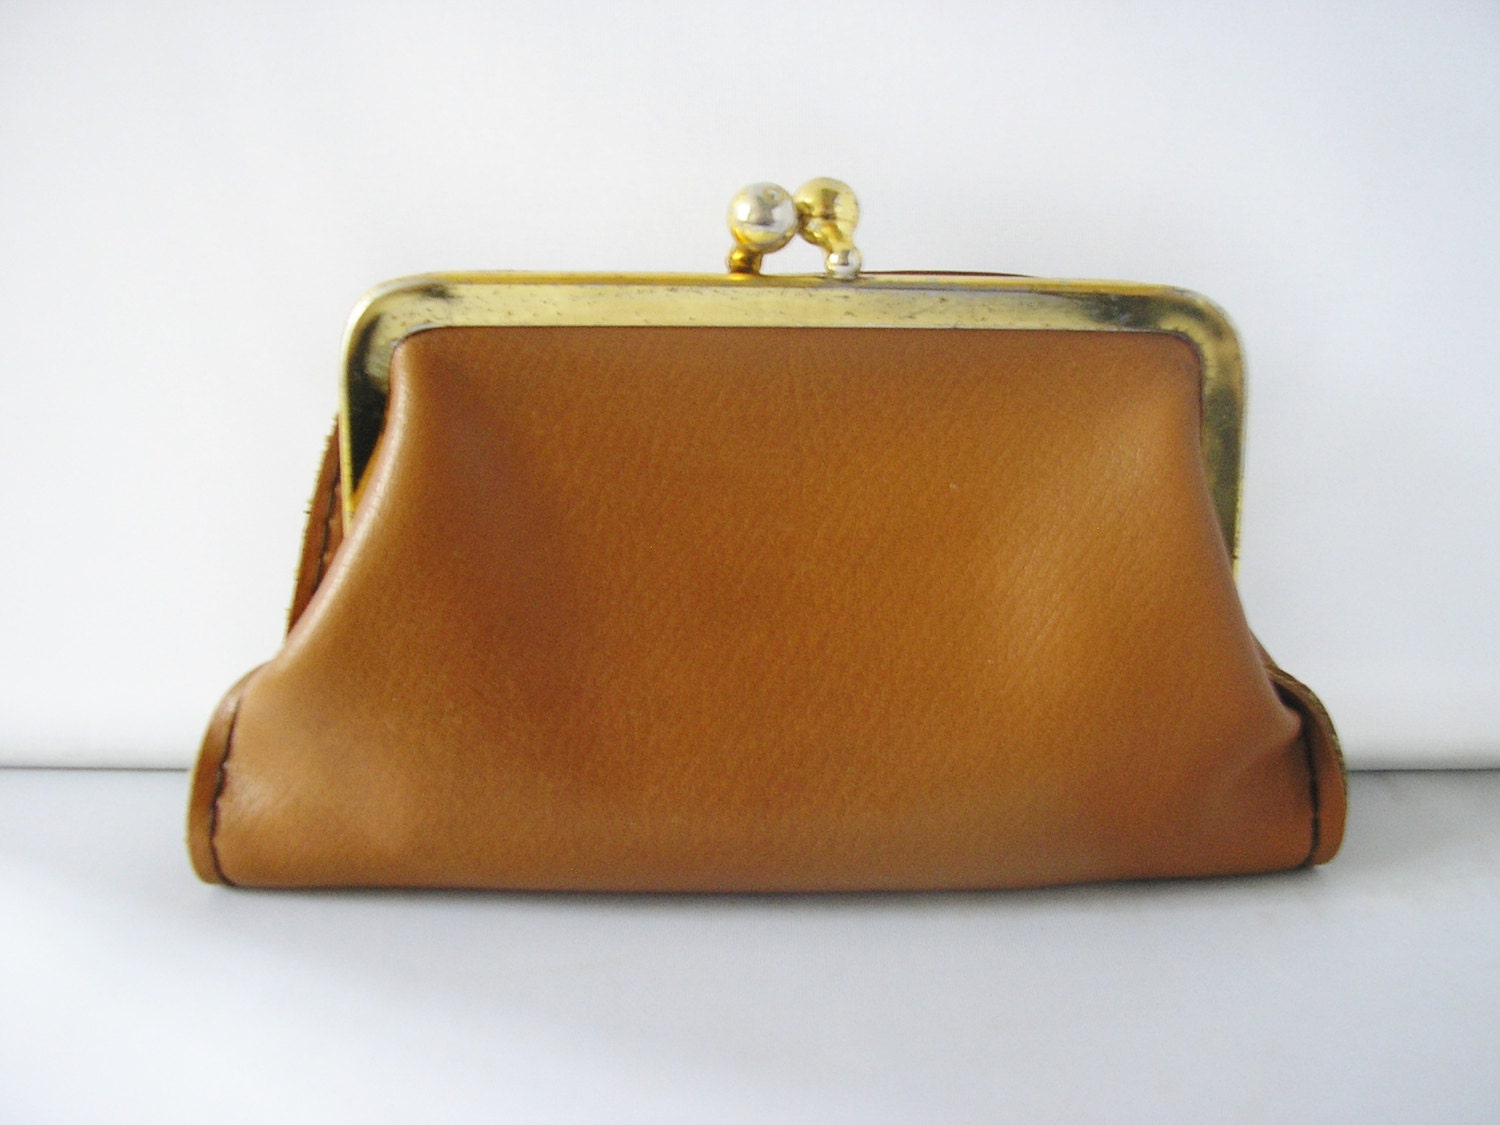 Vintage tan leather look purse coin change purse by TheIrishBarn
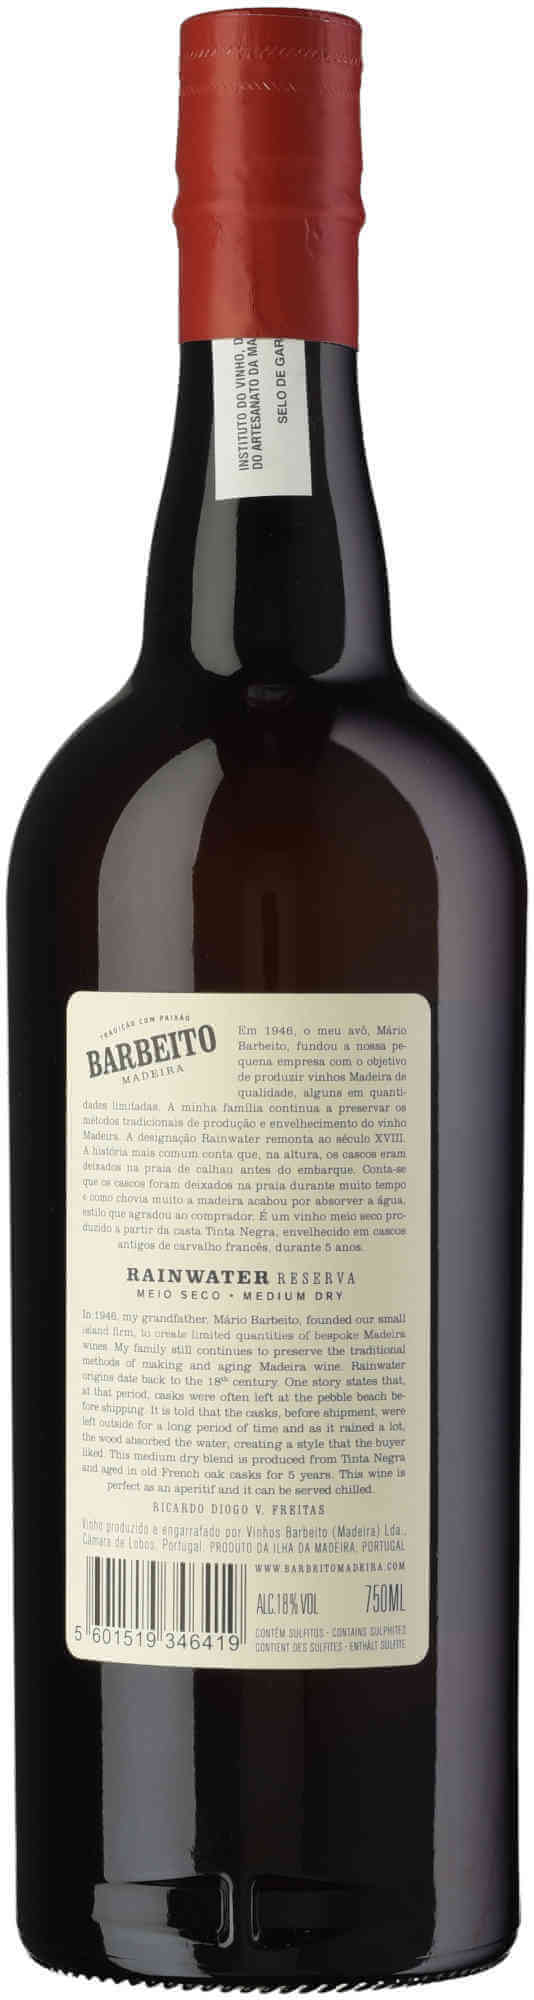 Barbeito-Rainwater-Reserva-75cl-back
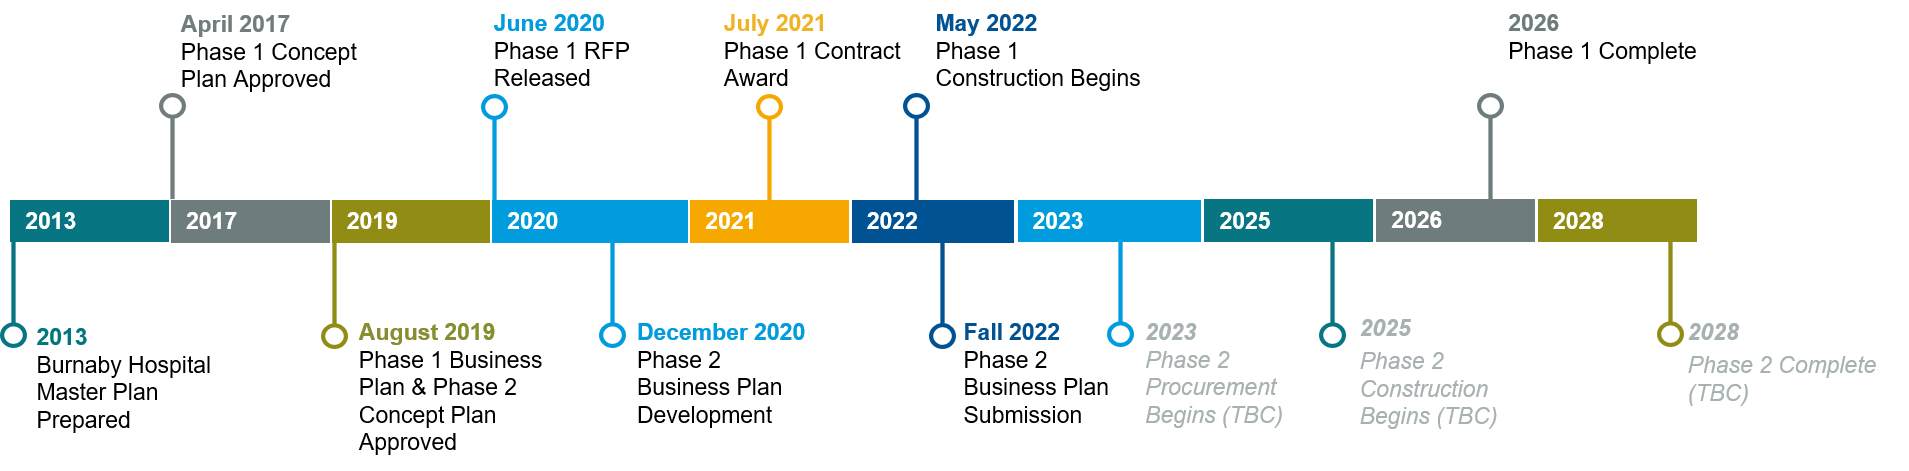 Burnaby hospital redevelopment project timeline July 2021
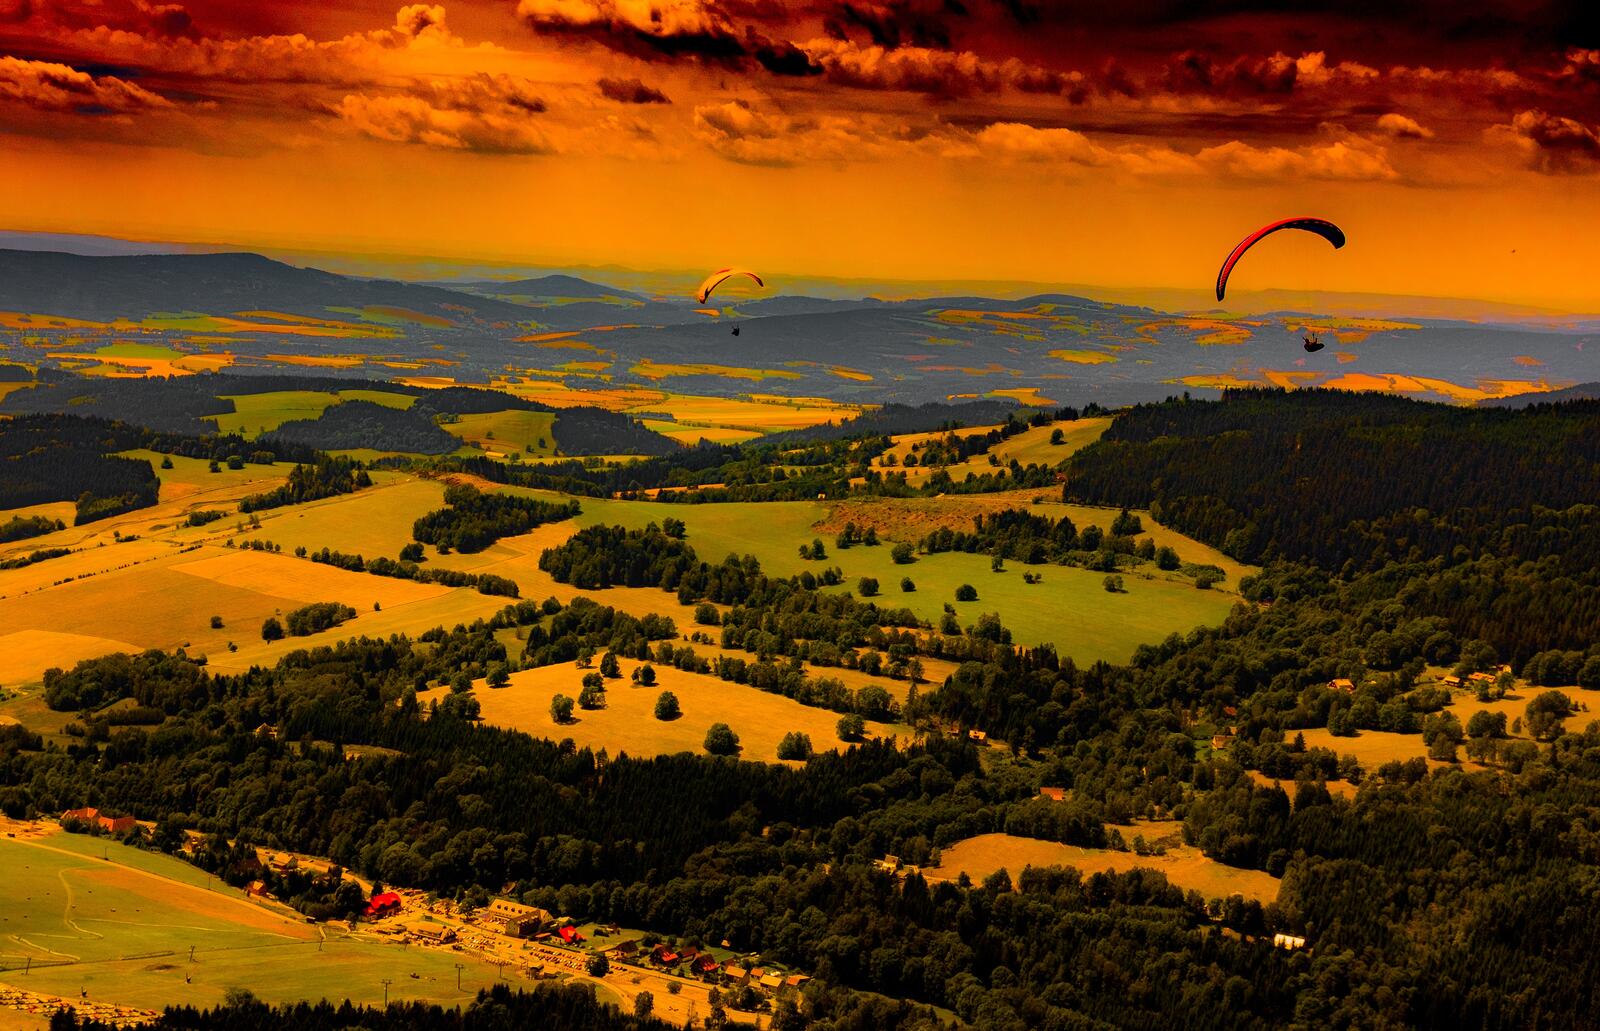 Бесплатное фото Летим на параплане над полями во время восхода солнца

## EXERCISE
Reprint all the data above verbatim, excluding pictures.

## RESULT OF THIS TASK
 Vintage tan leather look purse coin change purse by TheIrishBarn
 Barbeito-Rainwater-Reserva-75cl-back
 Burnaby hospital redevelopment project timeline July 2021
 Бесплатное фото Летим на параплане над полями во время восхода солнца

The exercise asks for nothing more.